El parangón de la Secta de los Siete Asesinatos blandía dos dagas y sus ojos ardían con una furiosa intención asesina que era casi corpórea.
—¡Jajajaja!
Su Zimo echó la cabeza hacia atrás en una carcajada salvaje y apuntó con su sable al grupo de paragones que bloqueaban su camino, asintiendo. —¡Bien, bien! ¡Qué arrogancia! ¿Quieren matarme incluso si les entrego la Fruta Bermellón? ¡Veamos cuántos de ustedes, paragones, logran sobrevivirme hoy!
—¡Demonio!
El parangón de la Secta del Dragón Tigre blandió sus porras y gritó con un poder divino—: Este no es el campo de batalla antiguo. ¡No es un lugar para que seas insolente!

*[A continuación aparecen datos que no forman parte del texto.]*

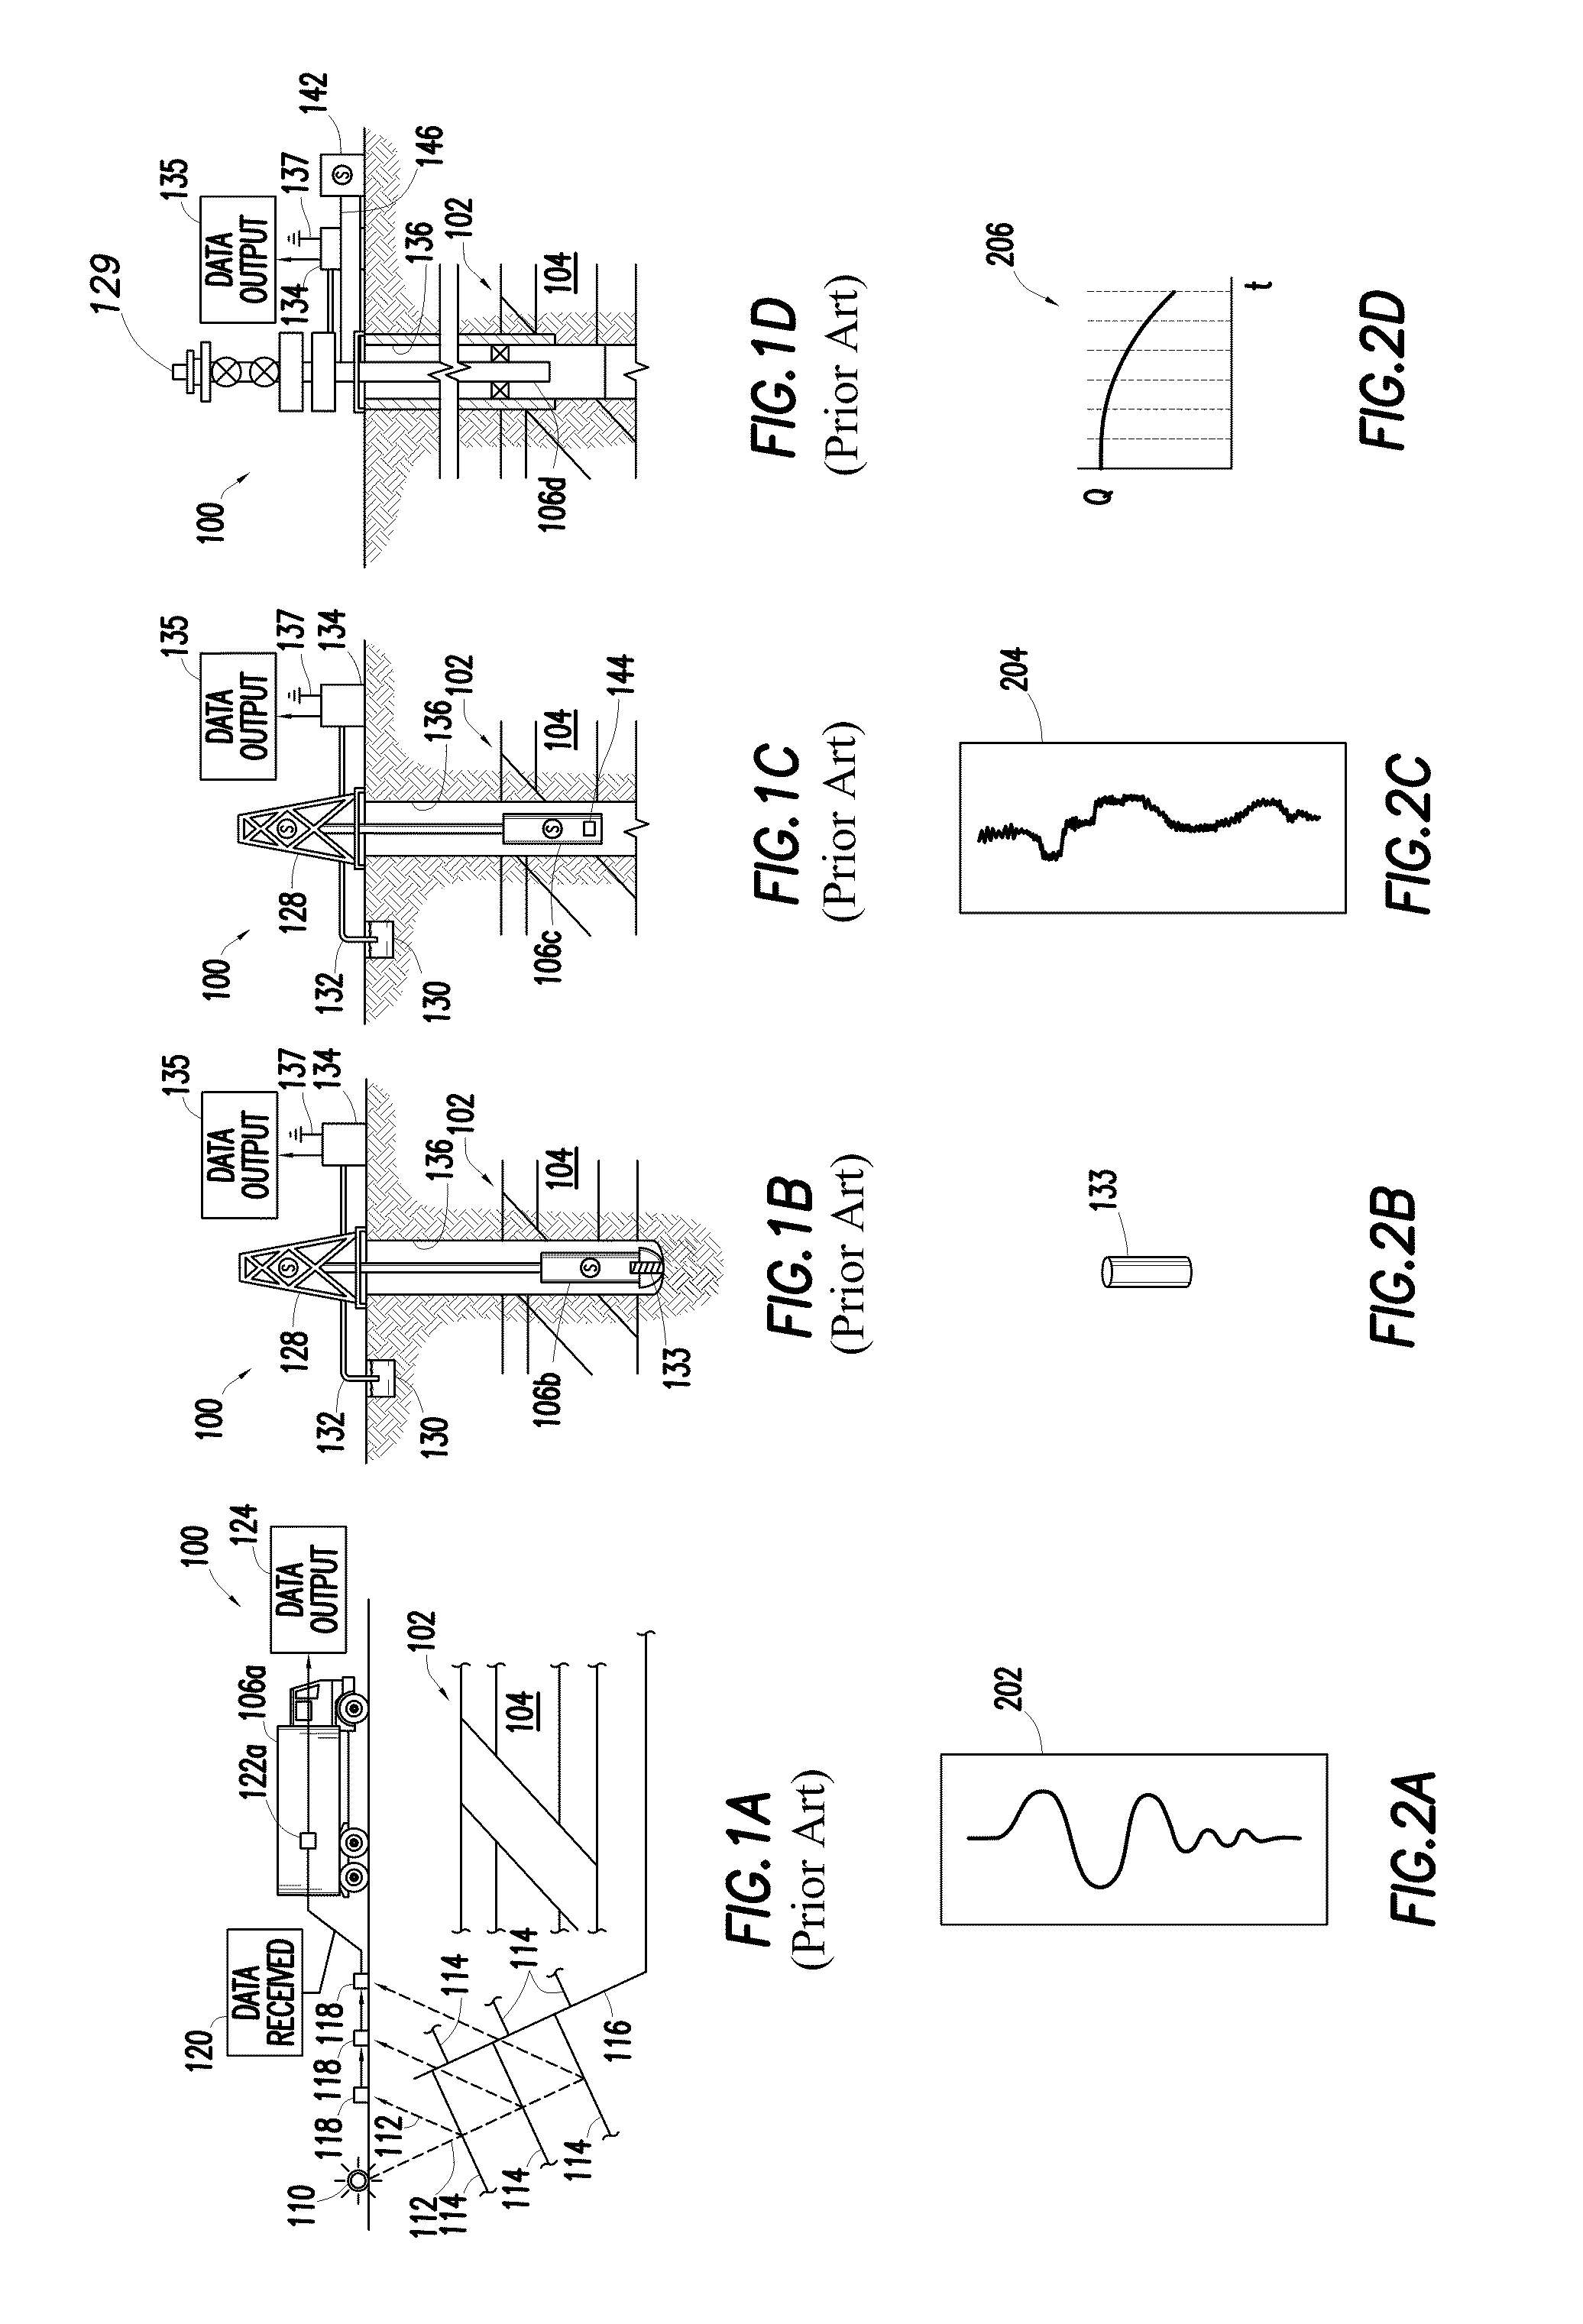 System and method for performing oilfield operations

—¿Qué puedes hacerme si quiero ser insolente?
Su Zimo se burló y se acercó al parangón de la Secta del Dragón Tigre a grandes zancadas. Gélidamente, comentó con una mirada helada—: ¡Quien se interponga en mi camino será asesinado sin piedad!
Su pelo negro danzaba salvajemente y su mirada era eléctrica. Con un aura intimidante, ¡esa figura de más de dos metros de altura parecía un poderoso celestial demoníaco capaz de asesinar inmortales que se abalanzaba sobre ellos!
—¡Maten!
Los paragones rugieron al unísono y atacaron simultáneamente.
Al instante, el vacío brilló con una intensa luz espiritual.
Diez paragones volaron por los aires, deslumbrantes como diez soles ardientes.
Taba Feng, Yuwen Wujia y el parangón de la Secta del Dragón Tigre —los tres cultivadores más aptos para el combate cuerpo a cuerpo— se habían acercado.
¡Una alabarda, una lanza dorada de tres puntas y las Porras del Dragón Tigre volaron por el aire!
Espadas voladoras, dagas, lanzas y otras armas espirituales se convirtieron en haces de luz que llegaron al instante con una intención heladora también.
En el mismo reino de cultivo, ¿quién podría defenderse del ataque combinado de esos diez paragones?